The task:
Within the records below, reproduce without change the lines from the line that has "Blinde Flecken - Zürich" through the line that has "Lithuanian Magazine / Kultūra 1929 Complete", and only those.

Recorded data:
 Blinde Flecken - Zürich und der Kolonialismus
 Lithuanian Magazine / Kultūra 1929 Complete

--

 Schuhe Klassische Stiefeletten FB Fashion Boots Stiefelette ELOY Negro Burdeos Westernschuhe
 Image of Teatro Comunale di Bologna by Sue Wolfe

Result below:
 Blinde Flecken - Zürich und der Kolonialismus
 Lithuanian Magazine / Kultūra 1929 Complete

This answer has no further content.